A Framework for Robust Cognitive Evaluation of LLMs
This provides a tool for researchers in cognitive science and AI to systematically assess LLM cognition, though it is incremental as it builds on existing evaluation approaches.
The authors tackled the lack of standardized methods for evaluating cognitive abilities in large language models by developing CognitivEval, a framework that uses automatic prompt permutations and collects both generations and probability estimates to improve robustness, and they applied it to replicate five classic cognitive science experiments to profile state-of-the-art LLMs.

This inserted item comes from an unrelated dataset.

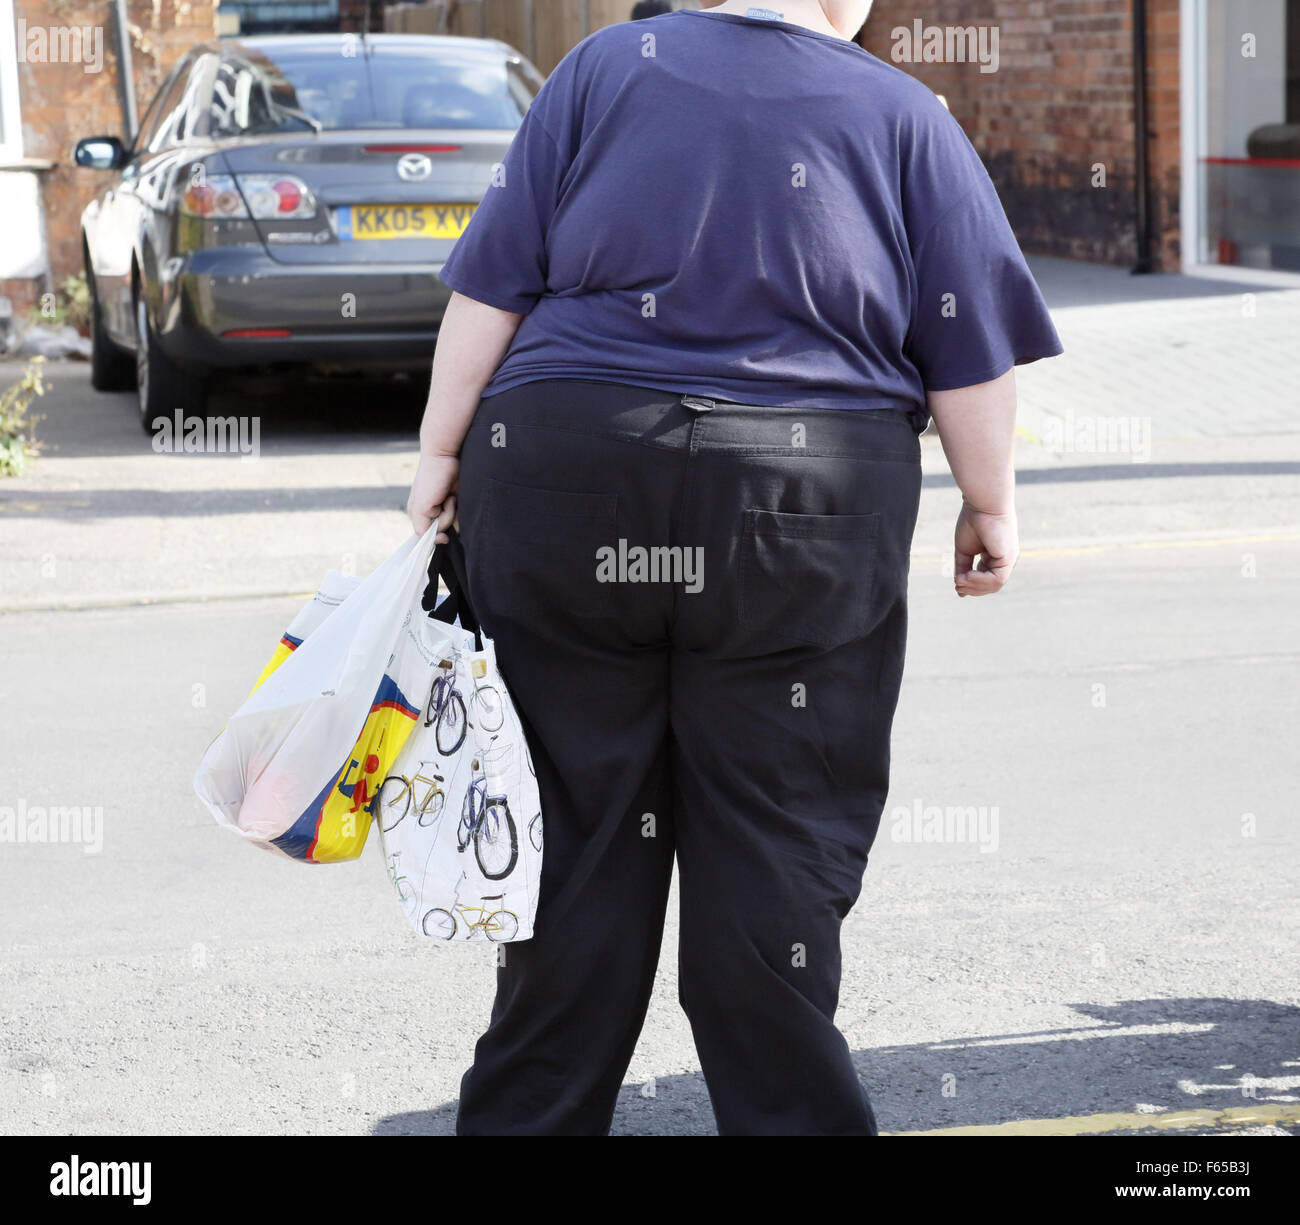 Obese woman. Stock Photo

Emergent cognitive abilities in large language models (LLMs) have been widely observed, but their nature and underlying mechanisms remain poorly understood. A growing body of research draws on cognitive science to investigate LLM cognition, but standard methodologies and experimen-tal pipelines have not yet been established. To address this gap we develop CognitivEval, a framework for systematically evaluating the artificial cognitive capabilities of LLMs, with a particular emphasis on robustness in response collection. The key features of CognitivEval include: (i) automatic prompt permutations, and (ii) testing that gathers both generations and model probability estimates. Our experiments demonstrate that these features lead to more robust experimental outcomes. Using CognitivEval, we replicate five classic experiments in cognitive science, illustrating the framework's generalizability across various experimental tasks and obtaining a cognitive profile of several state of the art LLMs. CognitivEval will be released publicly to foster broader collaboration within the cognitive science community.